Le moral des entreprises est bien meilleur, même s'il faut tenir compte des effets liés aux attentats et aux élections régionales de la semaine prochaine. Par rapport à la période où BPIfrance a été créée, c'est le jour et la nuit : à l'hiver 2012, nous percevions une immense mélancolie teintée de découragement ; depuis quelque temps, nous constatons que nos 80 000 clients vont beaucoup mieux. Les projets d'investissement sont là. Nous n'atteindrions pas sinon une croissance de 15 % par an. Dans les meetings que nous organisons dans les villes de France, les entrepreneurs n'hésitent pas à nous dire que l'activité est repartie et qu'au fond, ils vont bien. La question pour nous est moins de leur redonner un moral qu'ils avaient perdu que de faire naître chez eux une ambition qu'ils n'ont pas encore eue. Nous constatons que souvent, la mire du fusil n'est pas assez relevée. Et ce trait n'est pas propre aux entrepreneurs français : nos homologues de la British Business Bank font le même constat. Cette moindre ambition est liée à la solitude des entrepreneurs : quand vous êtes seul, il vous est plus difficile de vous dire que vous allez partir à l'attaque des géants.

La titrisation des prêts sera-t-elle source d'améliorations ? Nous avons pris des initiatives assez fortes qui ont porté pour partie leurs fruits. Nous avons ainsi lancé les prêts d'avenir à hauteur de 200 millions d'euros : prêts sur dix ans, avec trois ans de différé de remboursement, entièrement titrisés et revendus à une compagnie d'assurance française. Nous n'avons toutefois pas pu en étendre l'échelle, malgré tous nos efforts : les autres compagnies d'assurance n'ont pas souhaité acheter ce produit, l'appétit pour la titrisation des crédits de PME n'étant pas énorme en ce moment. Le coût des crédits aux PME est en France au plus bas parmi tous les pays d'Europe : il se situe à trente points de base en dessous des crédits aux PME en Allemagne. Or les points de base permettent de rémunérer à la fois ceux qui élaborent le produit et la compagnie d'assurance, qui sert un rendement aux détenteurs de contrats d'assurance vie. Résumons-nous : la compagnie d'assurance, au lieu d'acheter de la dette de PME, achète de la dette garantie à 100 % par BPIfrance mais, comme le crédit est très peu cher, il n'y a pas vraiment de marge de manoeuvre pour qu'elle conserve un rendement suffisamment attractif. Je fais l'hypothèse que lorsque le coût du crédit remontera, dans quelques années, lorsque nous aurons quitté la période de quantitative easing que nous vivons, un espace important s'ouvrira pour la titrisation.

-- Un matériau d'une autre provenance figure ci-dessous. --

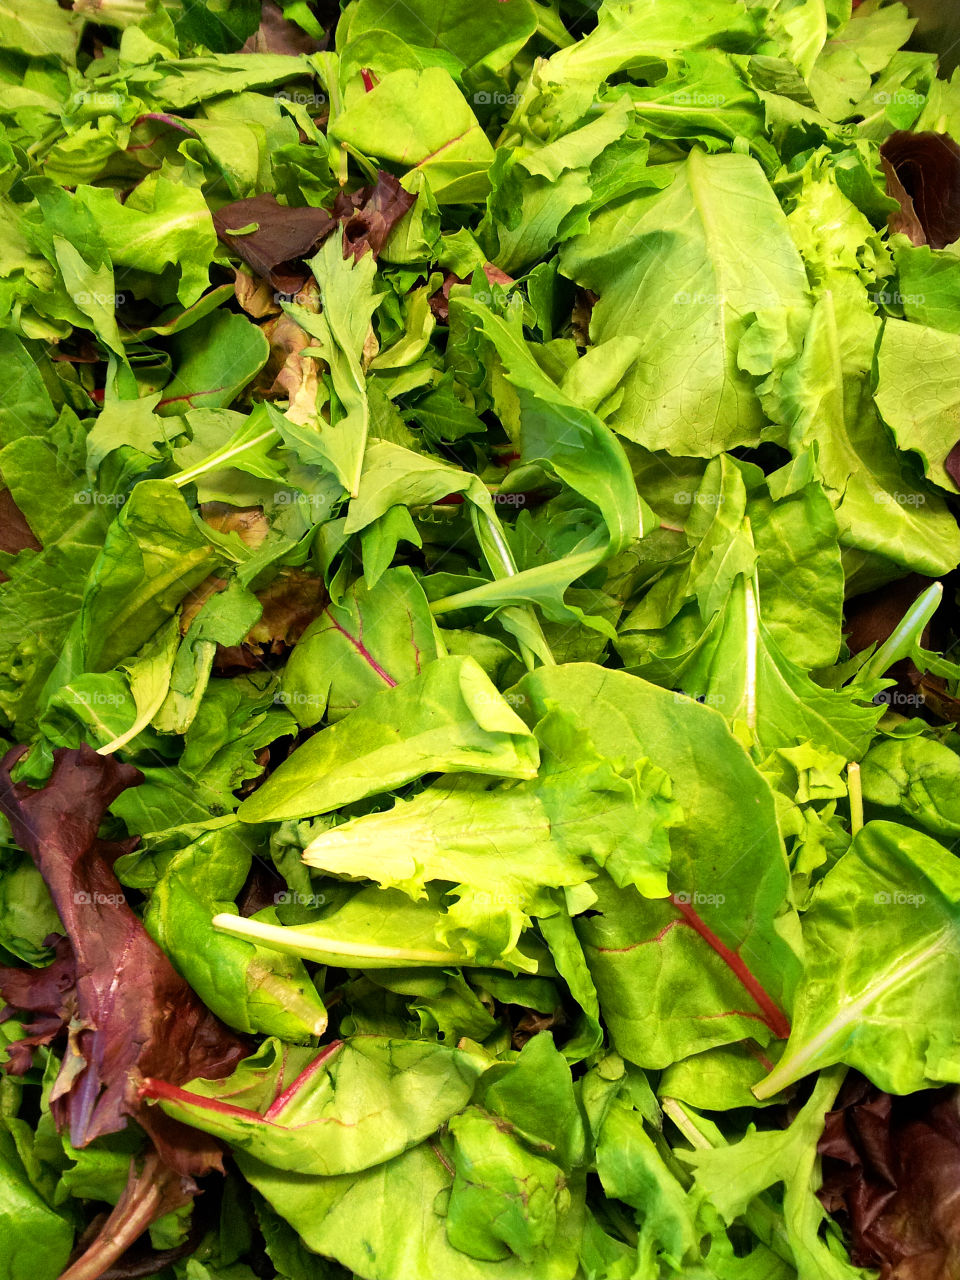 Lettuce fresh organic and green

Pour ce qui est de l'affacturage inversé, nous travaillons sur la question, après avoir fait preuve d'un peu trop de conservatisme peut-être.

Vous savez sans doute que la Banque de France n'a pas souhaité donner suite à l'élargissement des données FIBEN. Nous y sommes, pour notre part, très favorables.

Plusieurs préconisations du rapport de M. Laurent Grandguillaume ont été évoquées.

S'agissant du retournement, il existe une doctrine très simple, votée par le Parlement : soit BPIfrance finance des fonds de retournement privés, soit elle accompagne des repreneurs individuels.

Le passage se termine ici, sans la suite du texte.